Your writeup is an excellent illustration of a reader's need to confirm to himself or herself the veracity of material available (oftentimes from reputable sources).

I recently discovered the following article that does a similarly excellent job with dispelling profoundly incorrect interpretations frequently espoused in a lot of the quantum mechanics literature. Just thought that some of your quantum computing inclined readers might benefit as well. Given my non-physics background I did not understand all that is in the article but with additional effort I believe that this resource should clarify a great deal of the mystery (in my mind, atleast) that sorrounds quantum mechanics. The khet and tensor product notation is a pain to parse through but perhaps is not an insurmountable obstacle.

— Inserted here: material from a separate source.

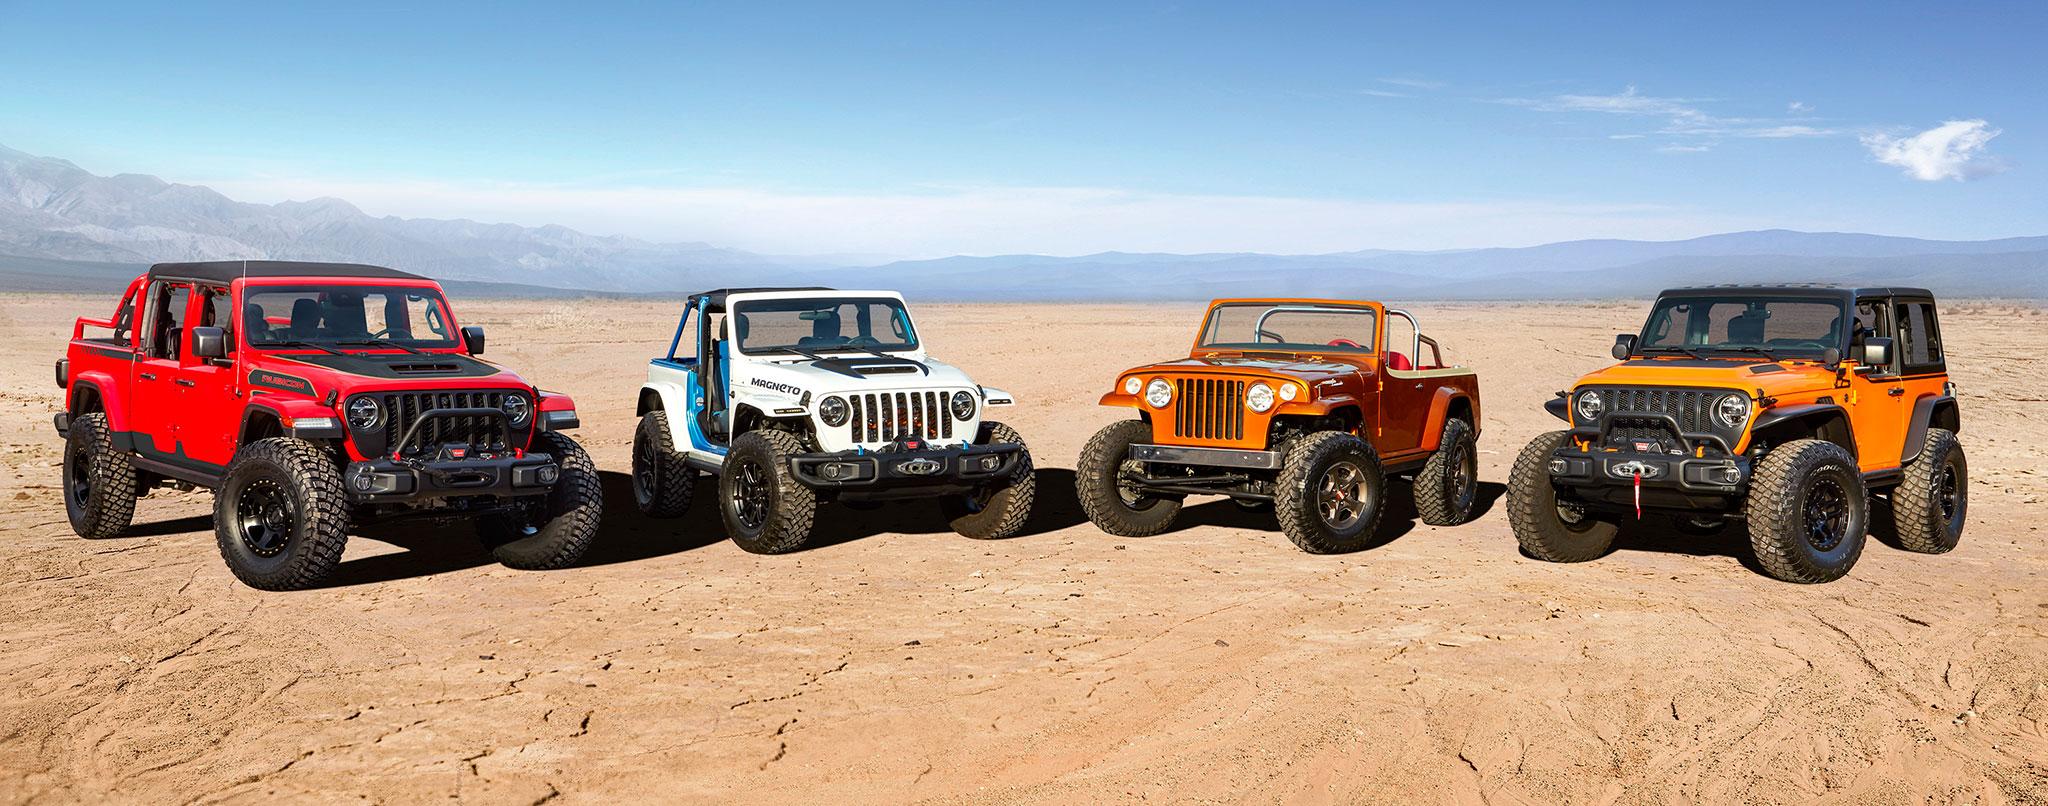 2021 Jeep Red Bare Jeep-Magneto Jeepster-Beach Jeep Orange Peelz Concepts - Concept Cars de Jeep®.

http://jamesowenweatherall.com/SCPPRG/EllermanDavid2012Man_QuantumEraser2.pdf

None:
2014-01-07T13:44:59Z

I'm teaching graph searching with the following pseudocode that explicitly constructs a tree. The active vertices are kept in a data structure A that supports insert, delete and active, where active refers to the element that would be deleted. If A is implemented by a queue resp. a stack you get a BFS-Tree resp. DFS-Tree

Search-Tree(s)
  A.insert(s)
  visit(s)
  while not A.empty do
        v = A.active
        if exists w in (N(v) \ visited)
               A.insert(w)
               T.edge(v,w)
               visit(w)
        else
               A.delete
  return T

(Stefan Felsner)

11011110:
2014-01-07T15:42:06Z

Ok, but then how do you find an unvisited neighbor in constant time? Don't you need to store for each active vertex some sort of pointer into its neighbor list? I think for an algorithms class these things should be explicit.